Dies bedeutet nicht nur, dass sie mit den Diskrepanzen zwischen ihrer aktuellen Situation
und zukünftigen Wünschen konfrontiert werden, sondern auch mit der abweichenden
Meinung ihrer Betreuer bzw. anderer Fachleute. Diese schon für sich genommen
schwierige Situation wird noch getoppt dadurch, dass sie diese Diskrepanzen auch noch
alle unterschreiben müssen. Hierdurch können massive Ängste und Verunsicherungen
entstehen. Dies wird von Teilnehmern als Erfahrung aus der Praxis auch berichtet.

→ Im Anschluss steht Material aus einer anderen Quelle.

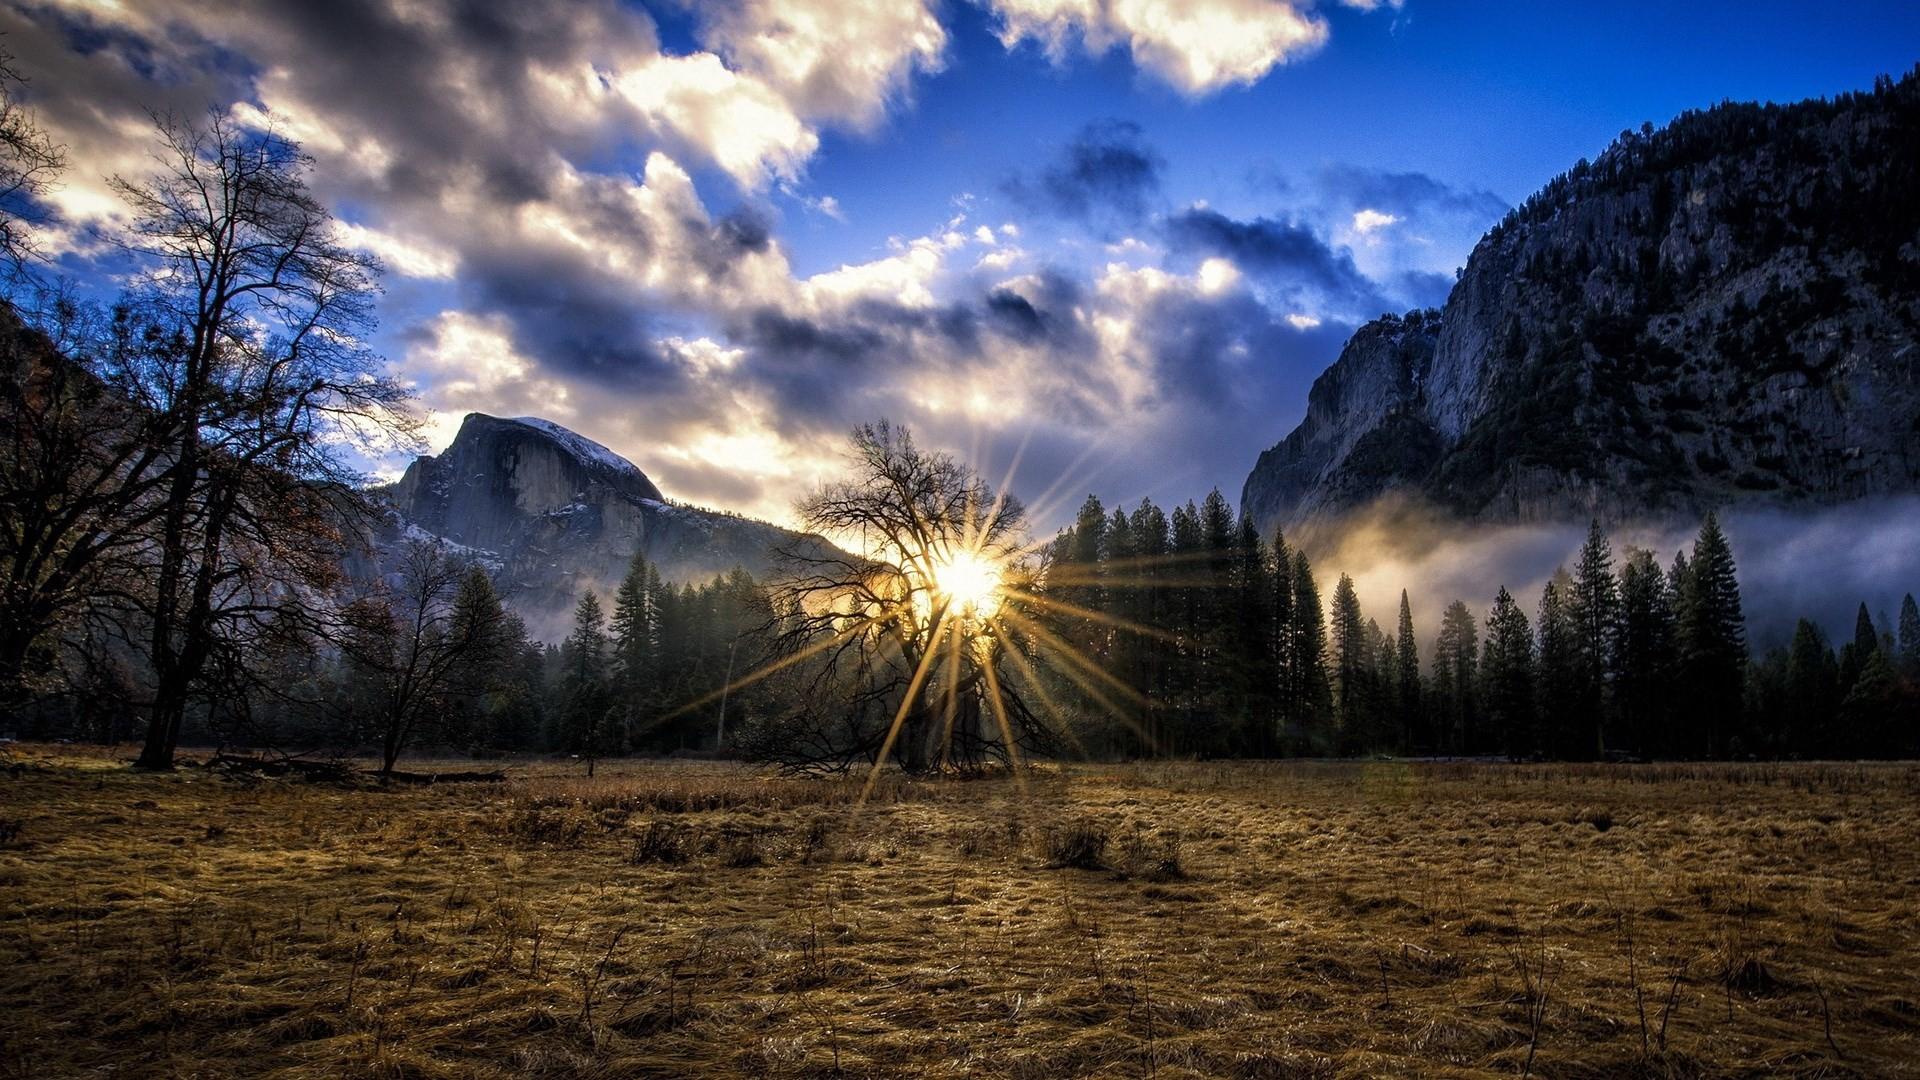 HD Widescreen Wallpaper – sunbeam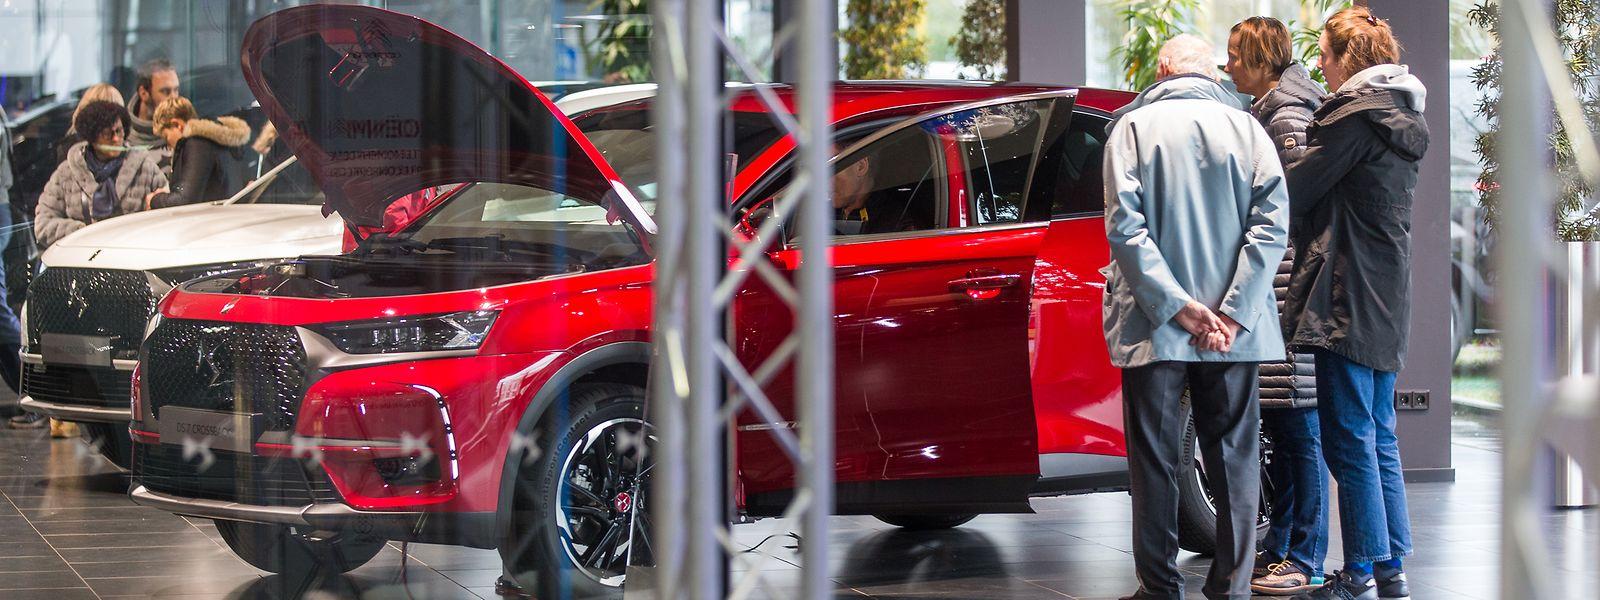 En moyenne, près de 30% des commandes de voitures ont lieu en février-mars au Luxembourg.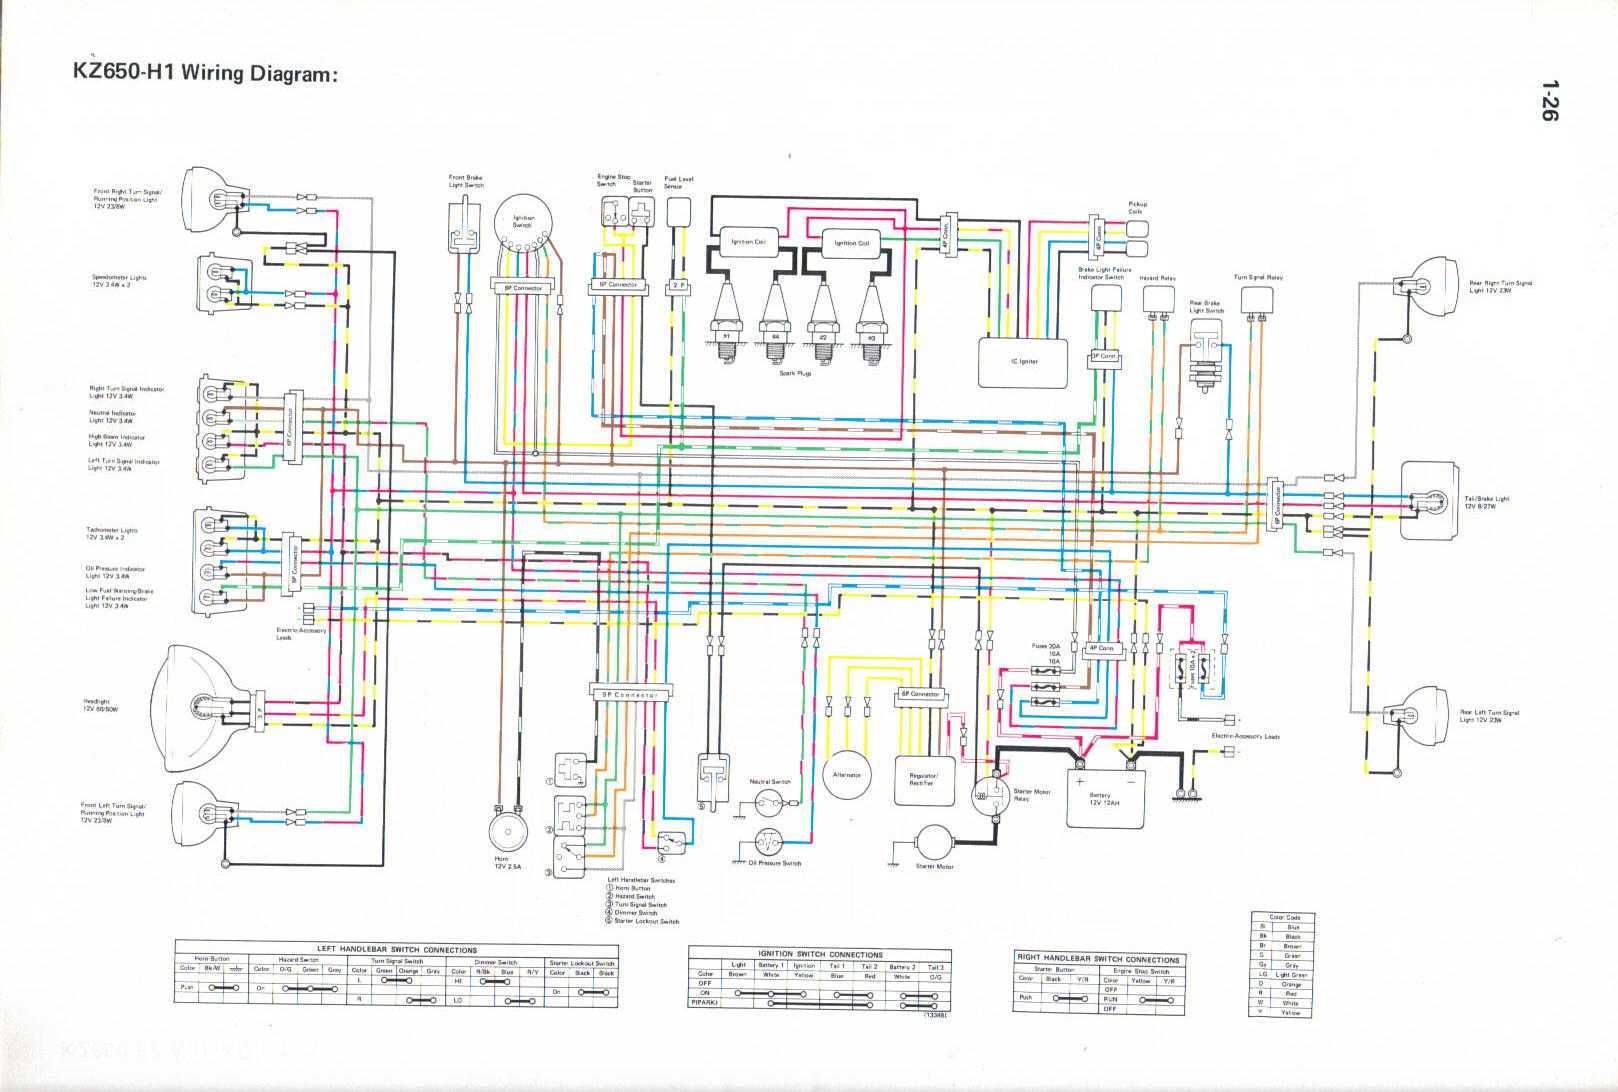 John Deere Eztrak Z425 Wiring Diagram

Wenn sich der Antrag an diese Personengruppen richtet, müsste er konsequenterweise
auch entsprechend einfacher und verständlicher formuliert sein. In vielen Fällen werden
die angesprochenen Antragsteller die Fragen oder Antwortmöglichkeiten nicht verstehen.

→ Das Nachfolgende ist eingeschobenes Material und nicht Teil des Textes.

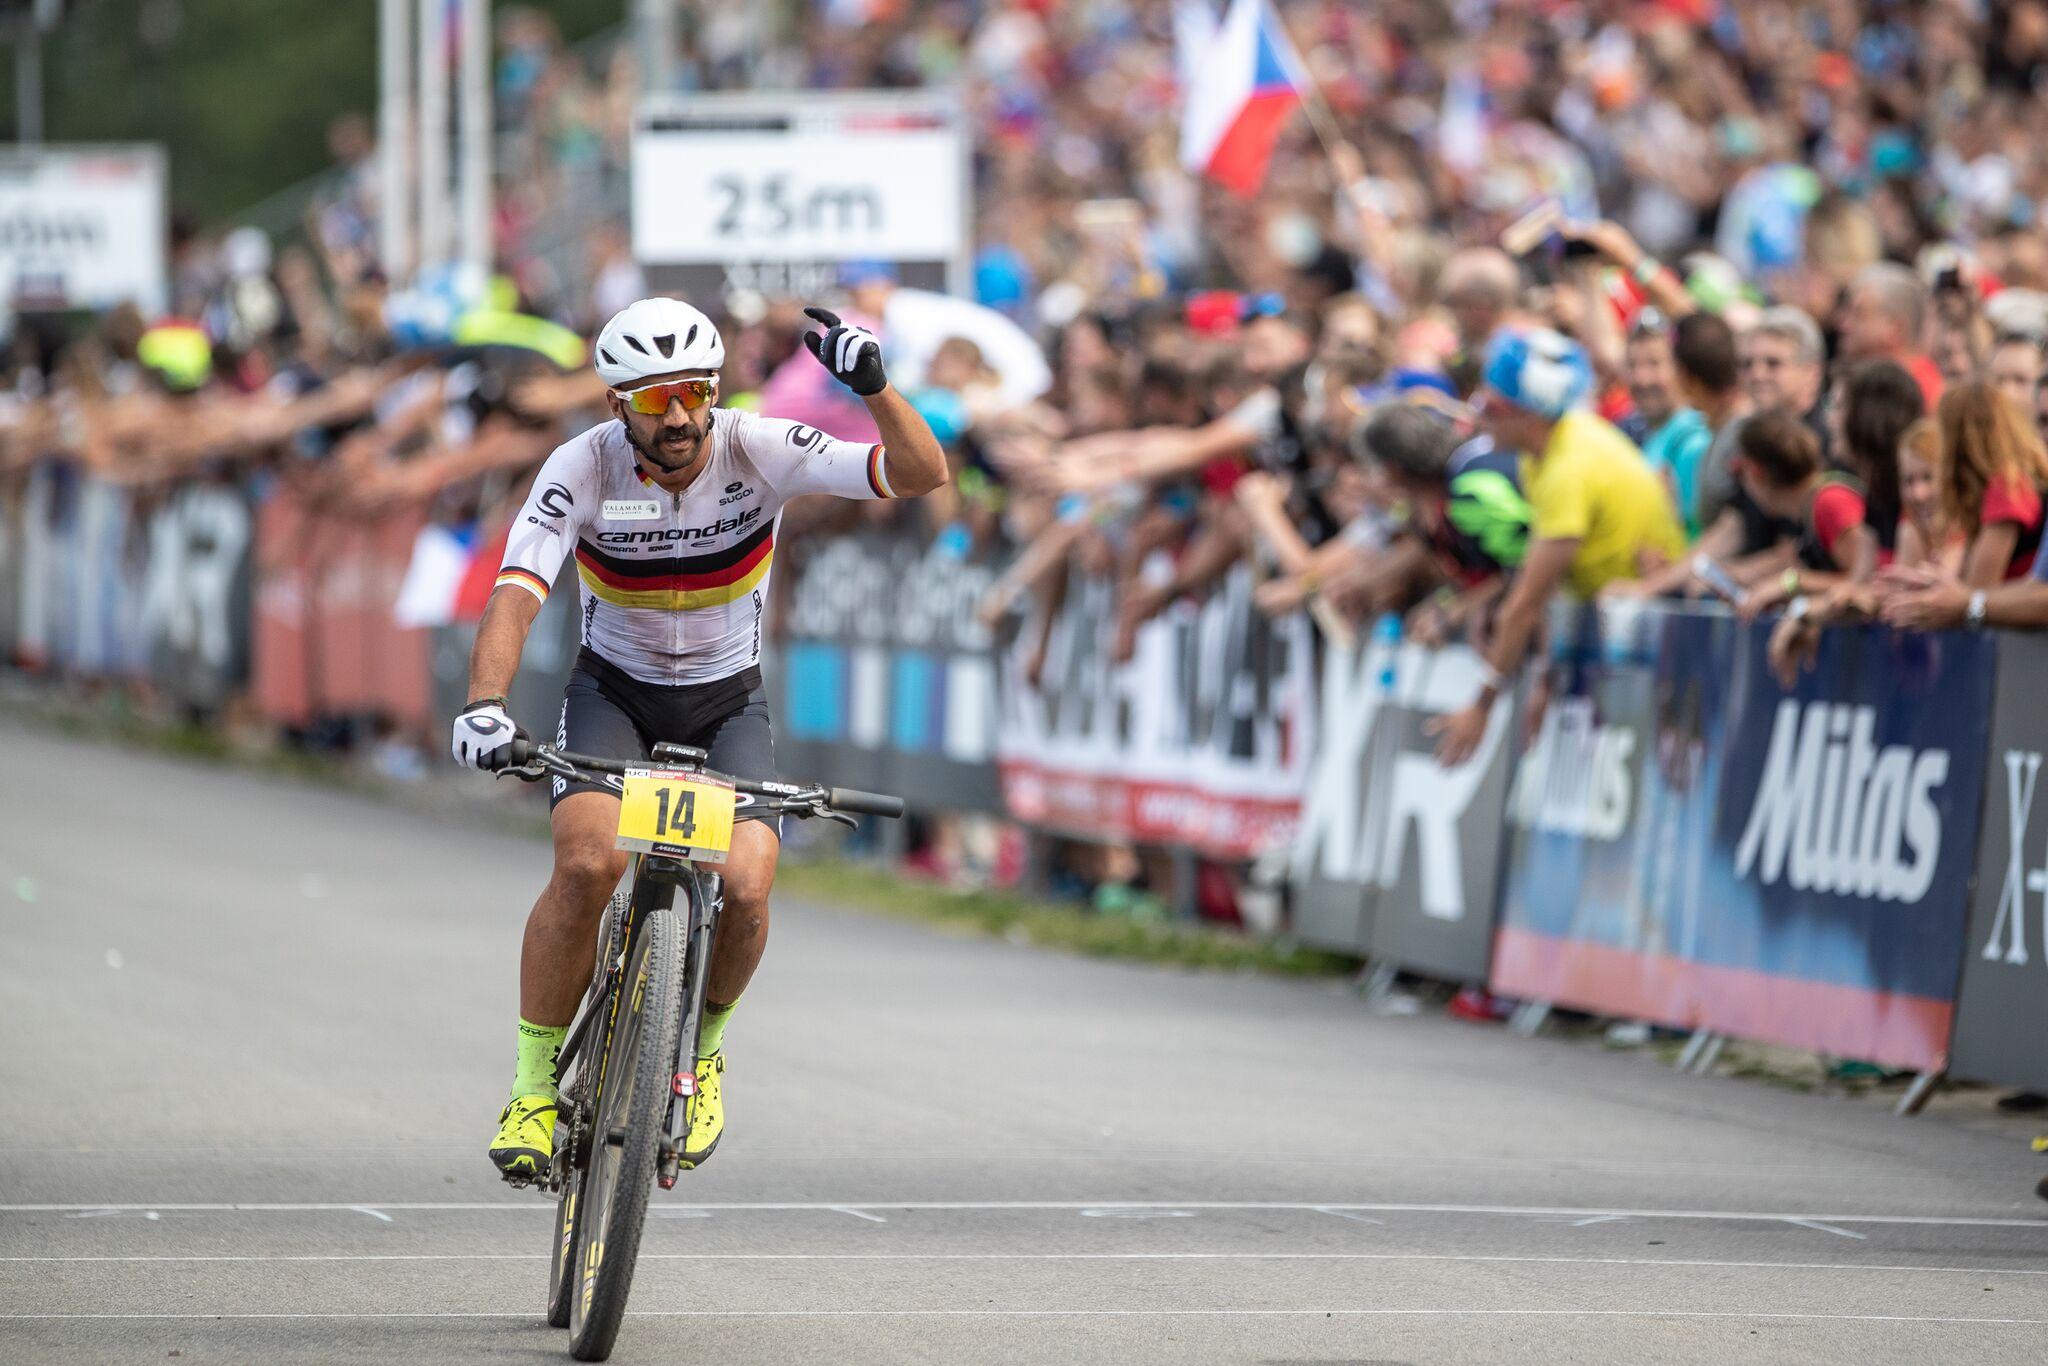 Jedna od najvećih zvijezda brdskog biciklizma na pripremama u Rapcu (2).jpeg (311 KB)

Umgehen mit dem Instrument und der Kostenzusage

Wenn Menschen schon bei Erstellung des Hilfeplanes in Einrichtungen sind, ist es
notwendig (besonders für kleinere Einrichtungen) eine sofortige Kostenzusage zu
geben, und wenn sie auch nur vorläufig oder befristet sein mag. Bei der langen Dauer
der Bearbeitung der Anträge ist sonst eine unzumutbare finanzielle Belastung der
Einrichtungen die Folge.

Es ist irritierend und verunsichernd, wenn offensichtlich auf Grund mangelnder oder nicht
ausreichender Schulung der LVR-Mitarbeiter die Handhabung der Kostenzusagen sehr
unterschiedlich erfolgt. Auch Informationen und Auskünfte sowohl von Mitarbeitern einer
Ebene als auch auf unterschiedlichen Ebenen widersprechen sich häufig, der
Informationsstand der LVR-Mitarbeiter ist höchst unterschiedlich. Bei den
Sachbearbeitern wäre ein gleicher Kenntnisstand und gleiche Beurteilungskriterien
wünschenswert.
Dies trifft auch zu für Mitarbeiter von LVR-Kliniken. Hier ist festzustellen, dass teilweise
die Erstellung von (zusätzlichen) Sozialberichten von Vorgesetzten regelrecht verboten
werden, obwohl hierfür keinerlei Grundlage im Hilfeplanverfahren besteht.
Möglicherweise liegt hier eine Verwechslung mit den Entwicklungsberichten vor, die
durch das Hilfeplanverfahren ersetzt wurden.

Zum Wegfall der Entwicklungsberichte muss gesagt werden, dass die Erstellung des
Hilfeplanes für diese kein Ersatz sein kann, da diese in aller Regel wesentlich
aussagekräftiger sind und ein besseres Bild von den erforderlichen Hilfen für einen
Menschen und über seine Vorstellungen ergeben können.

Die Teilnehmer der AG befürchten, dass der geplante Abbau stationärer Plätze
zugunsten von ambulanten Plätzen und das damit verbundene Ziel der Kostendämpfung
eher zu Verunsicherungen auf der Seite der Betroffenen und zu Einschränkungen des
Behandlungsangebotes als zu den geplanten Kosteneinsparungen führt.